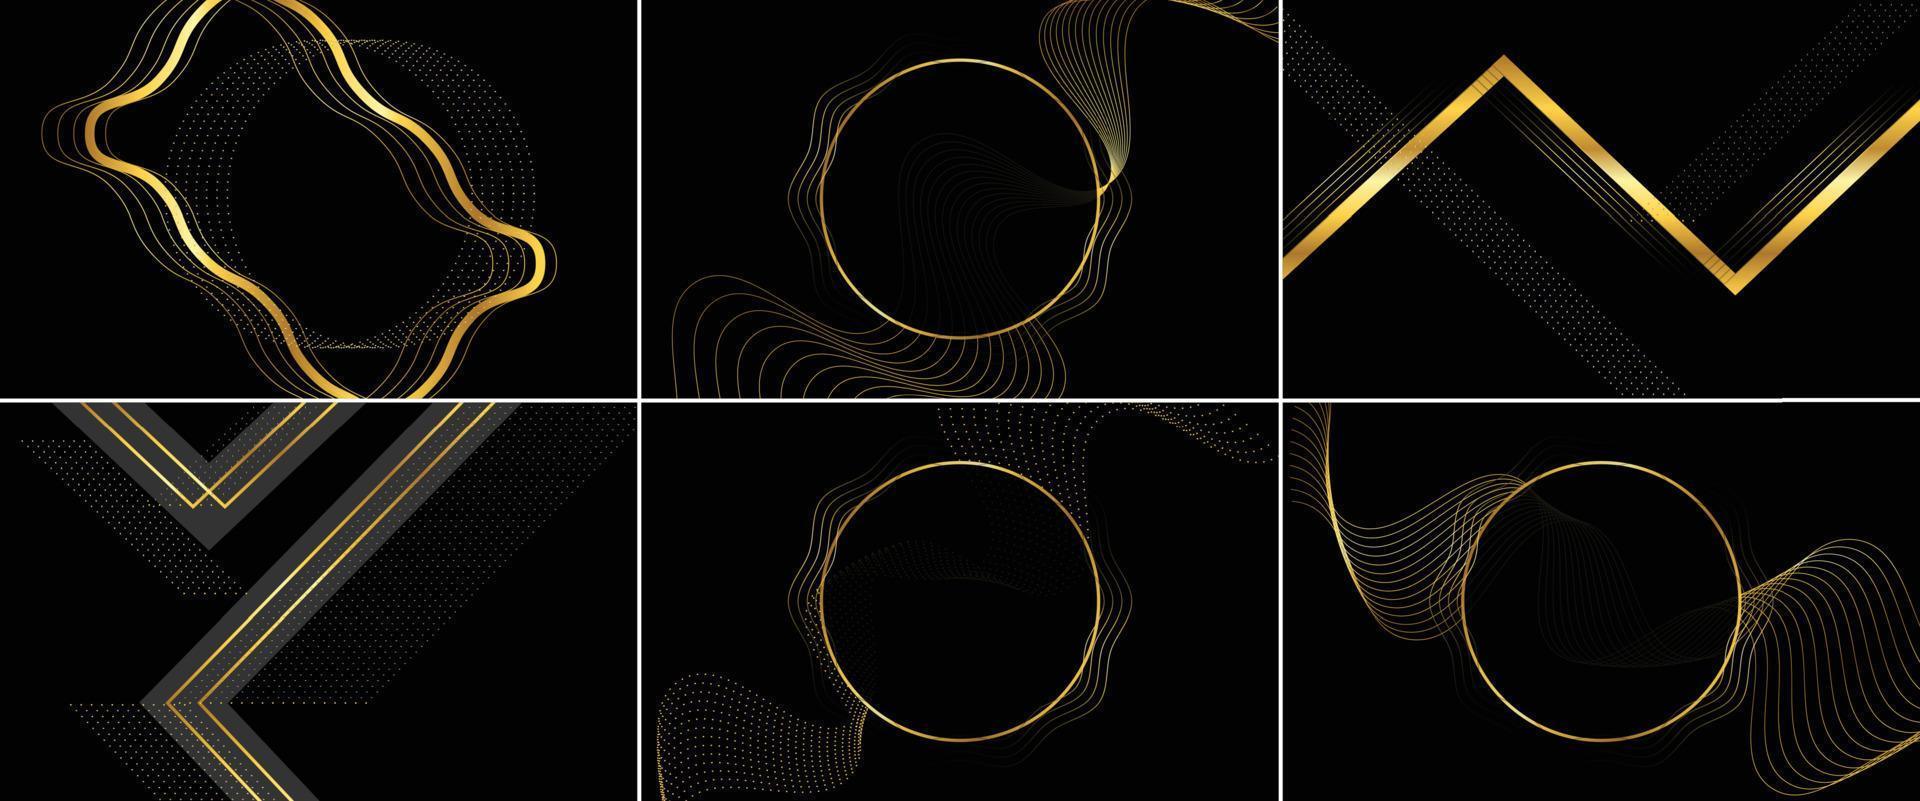 design abstrato elegante com linhas giratórias e um esquema de cores dourado e preto vetor
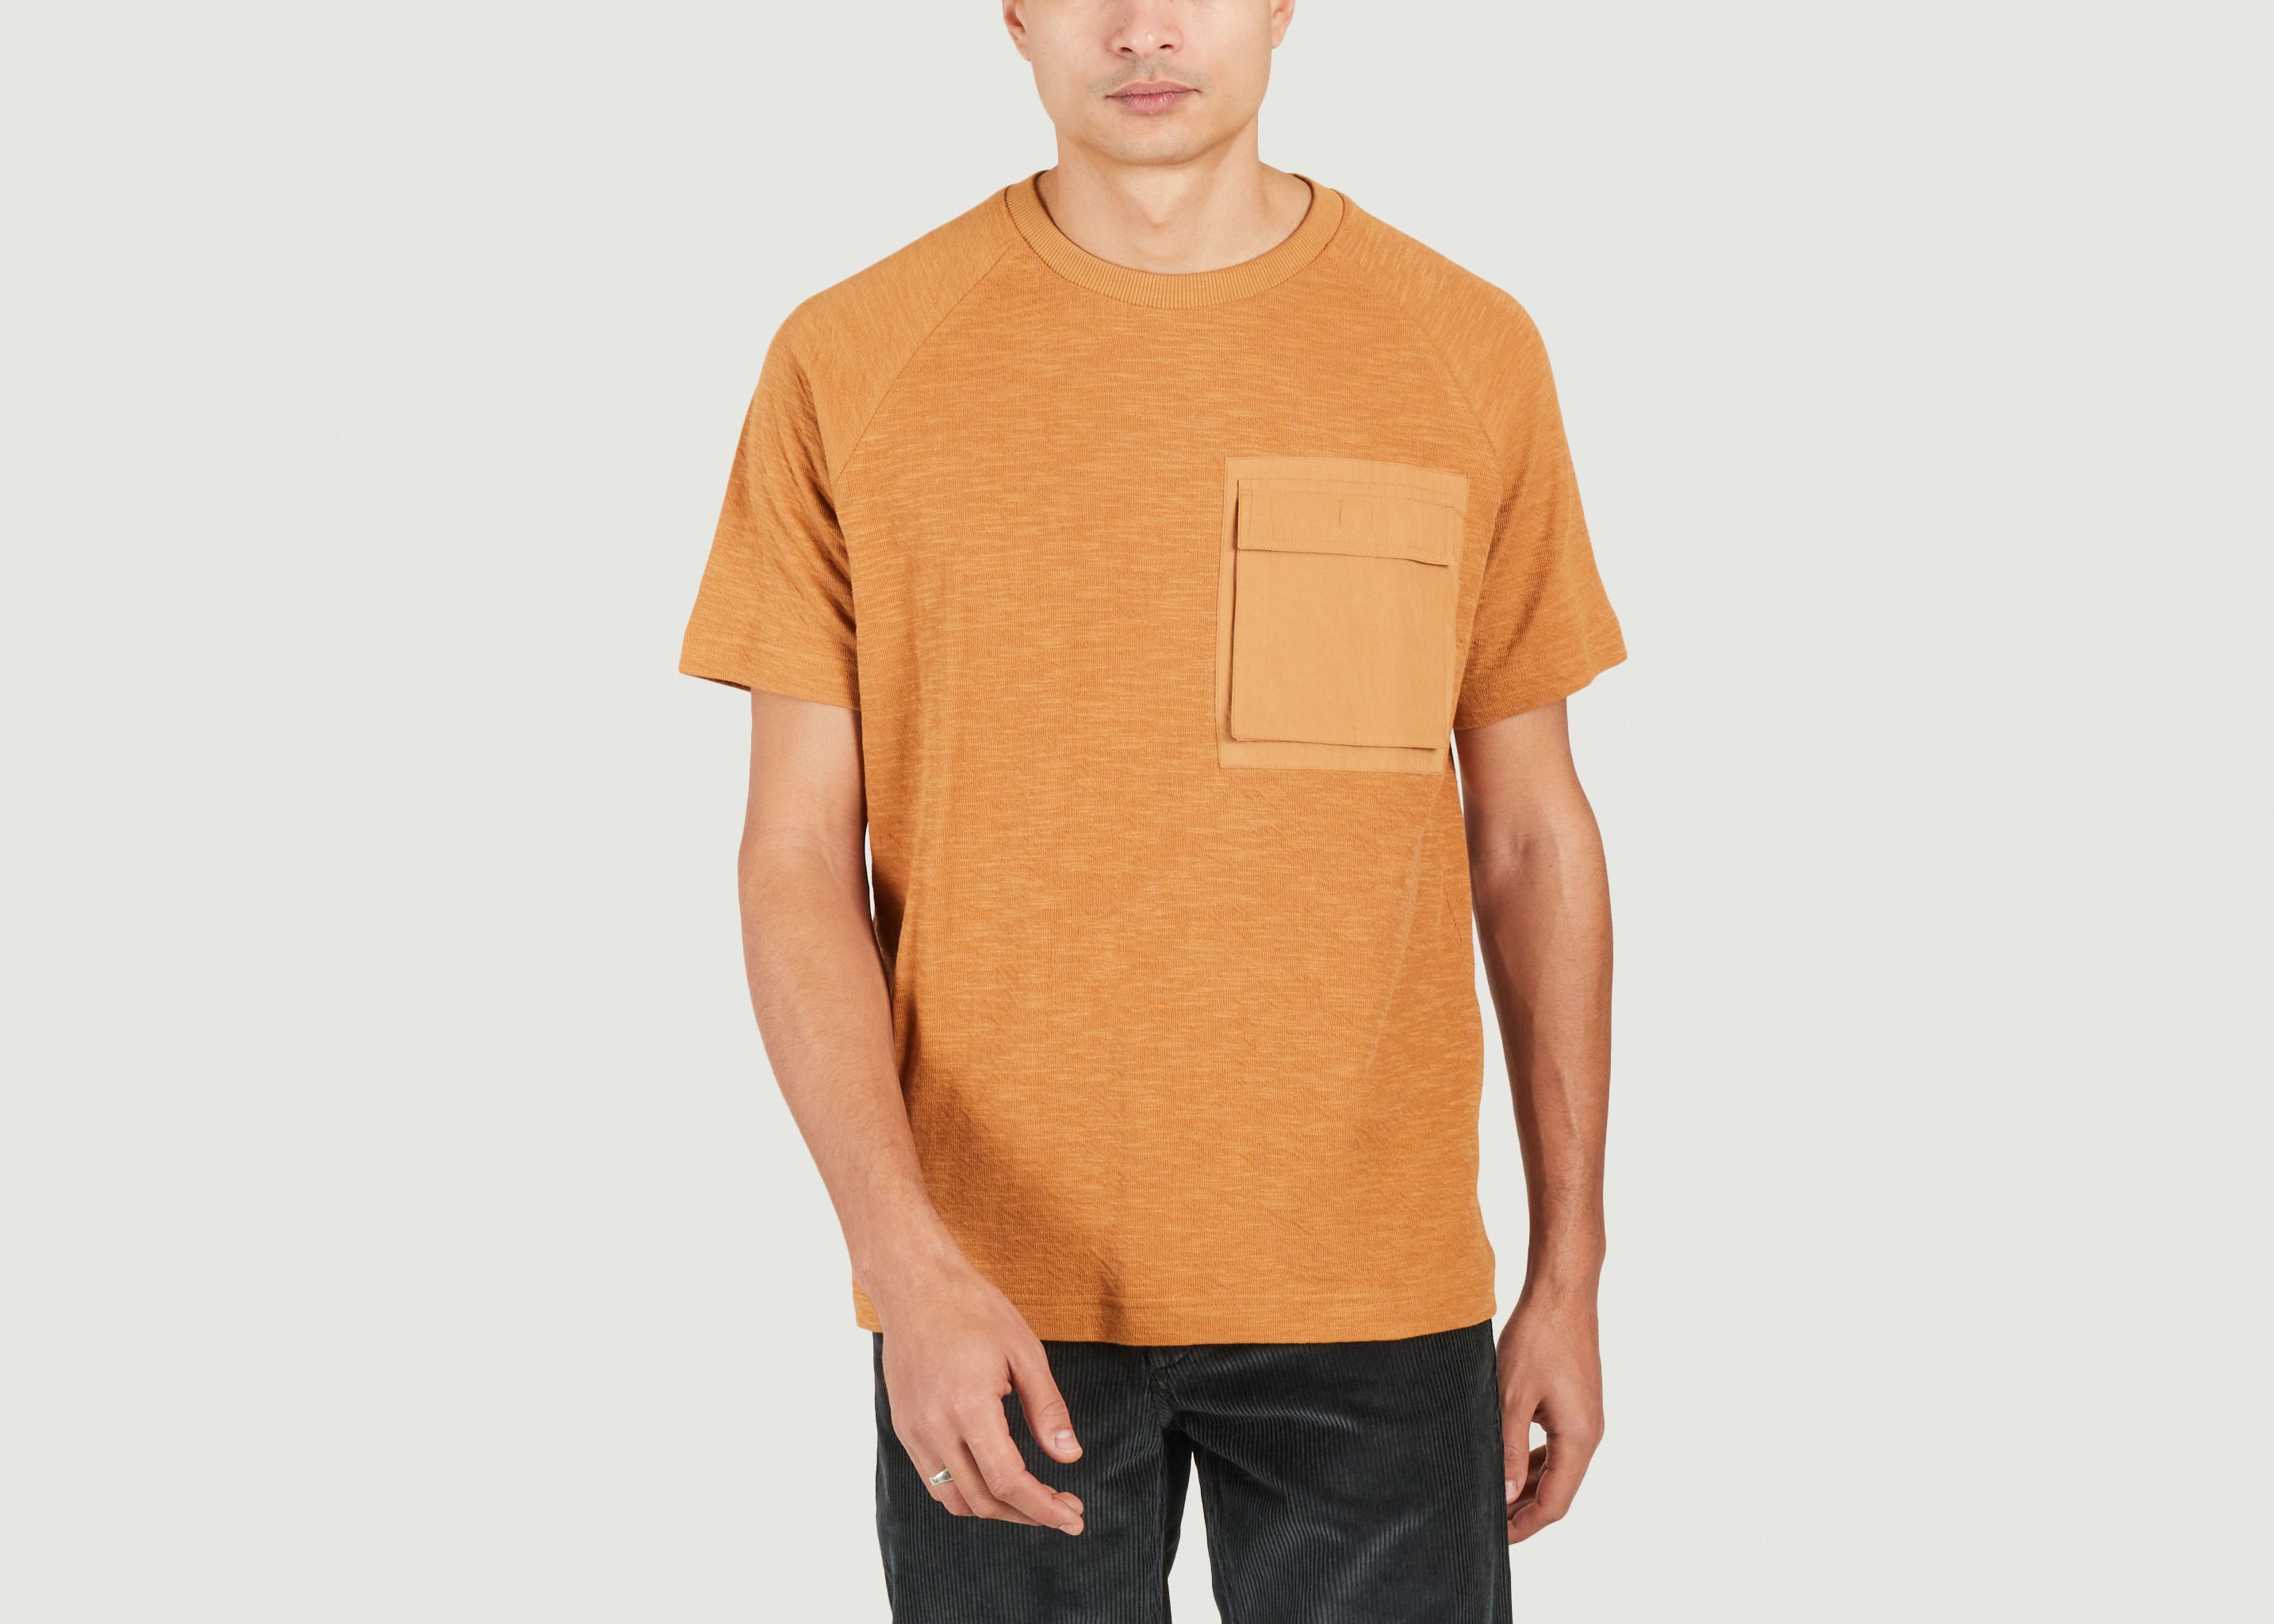 Teeshirt oversize à manches courtes  - KCA
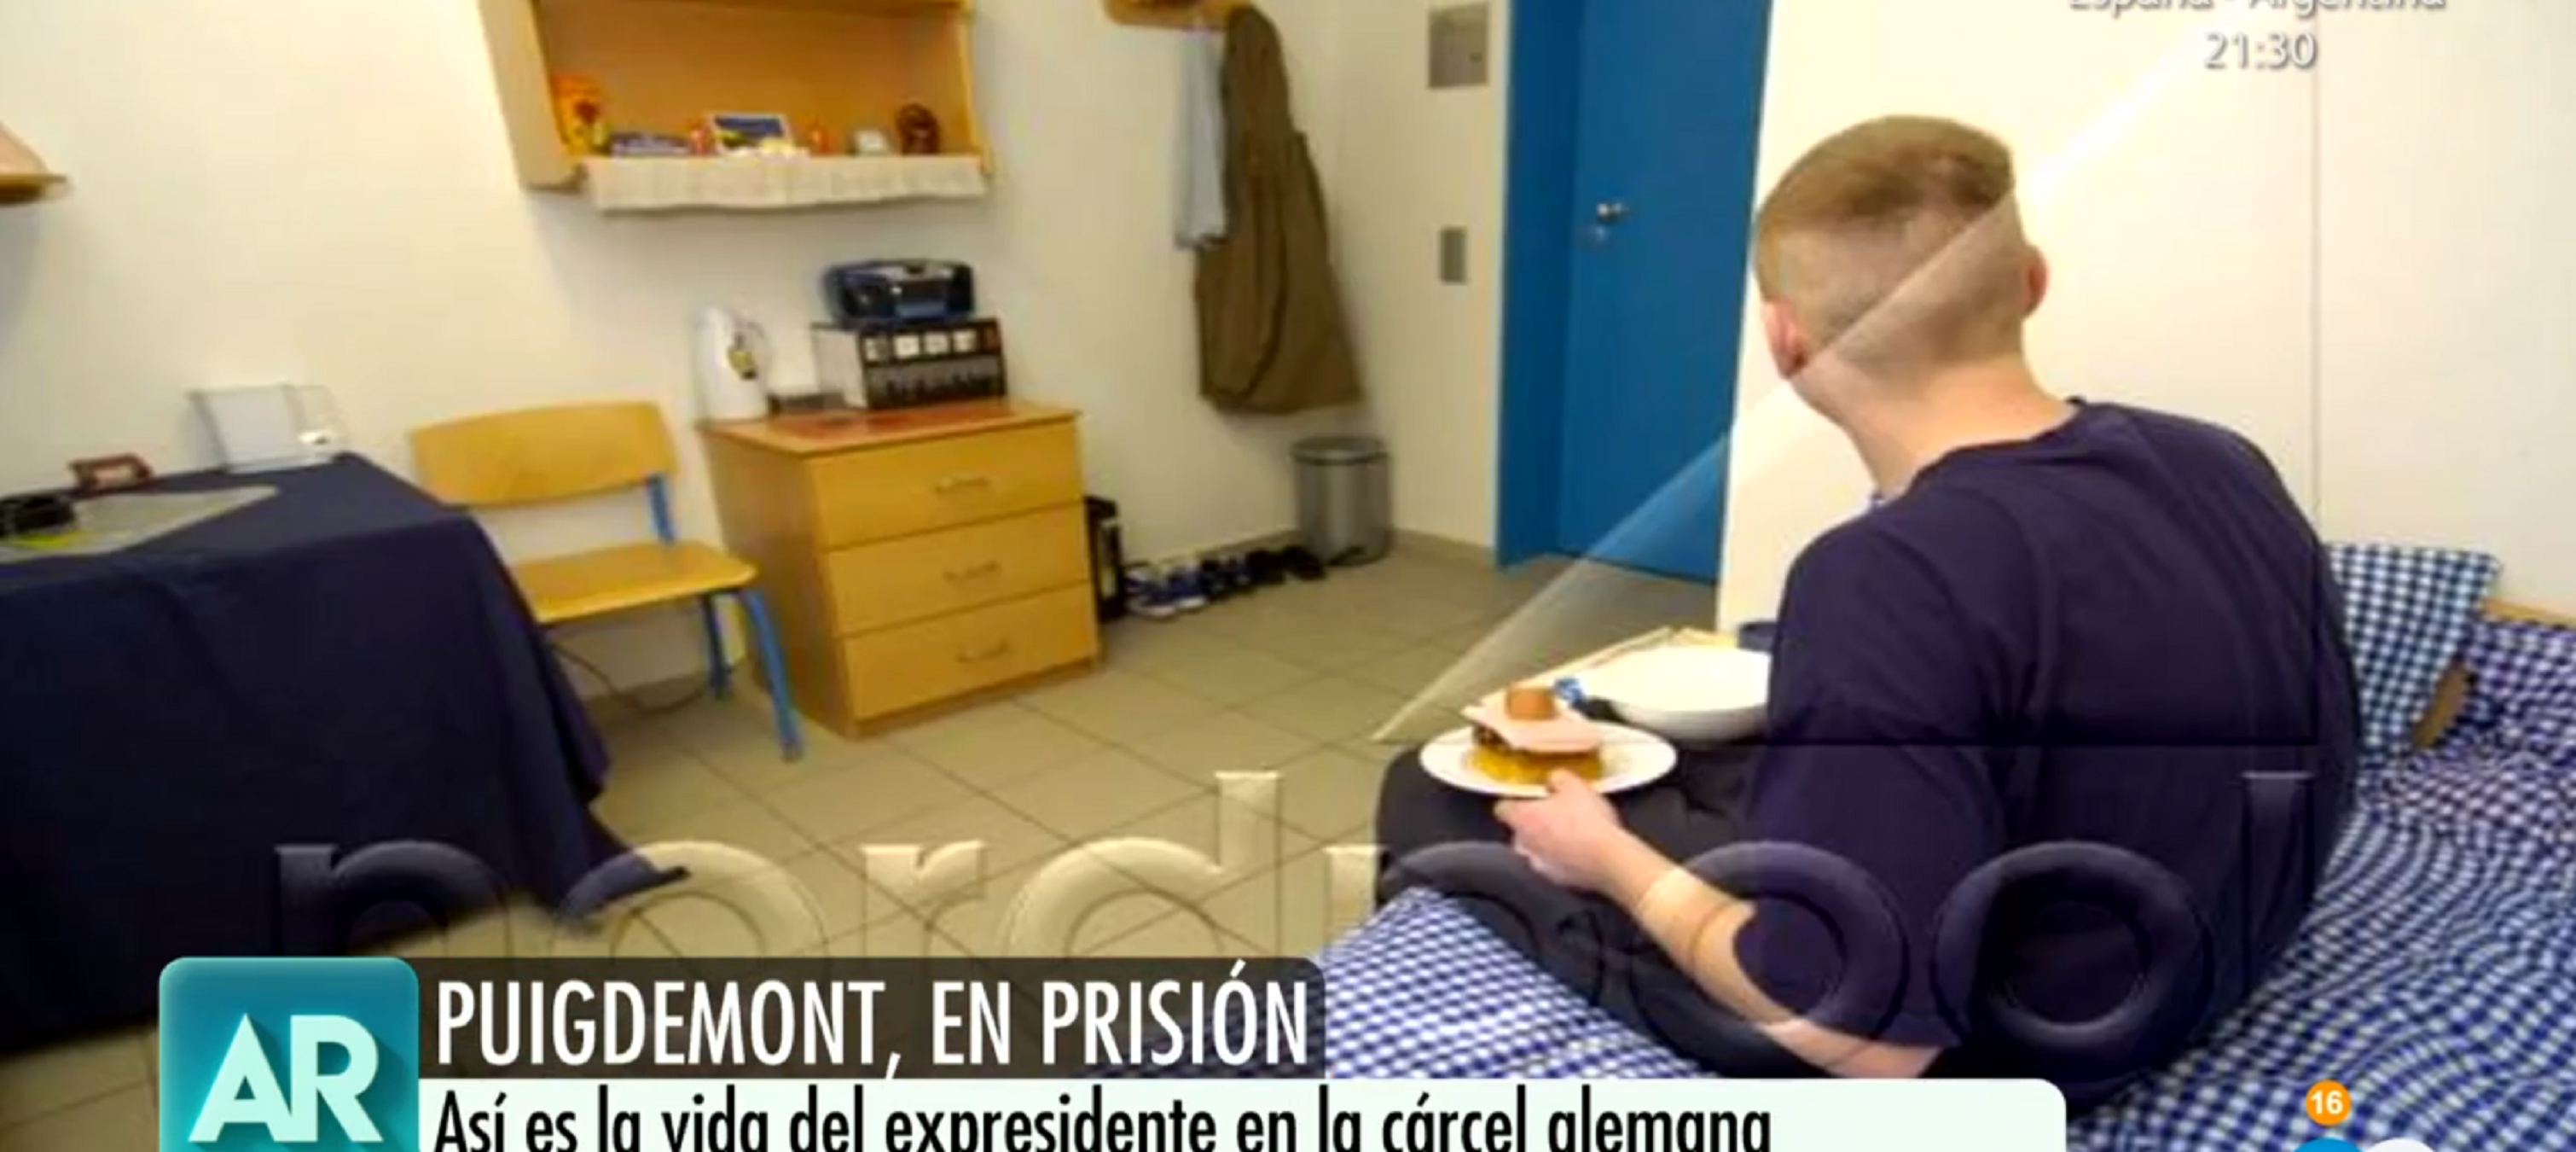 El morbo d'Ana Rosa mostrant la cel·la de la presó alemanya de Puigdemont

ACTION ITEM ::
Starting at the line that contains "Teeshirt oversize à", extract each line through the last line of the material exactly as written, and include no pictures.

SOLUTION FOR THIS TASK ::
 Teeshirt oversize à manches courtes  - KCA
 El morbo d'Ana Rosa mostrant la cel·la de la presó alemanya de Puigdemont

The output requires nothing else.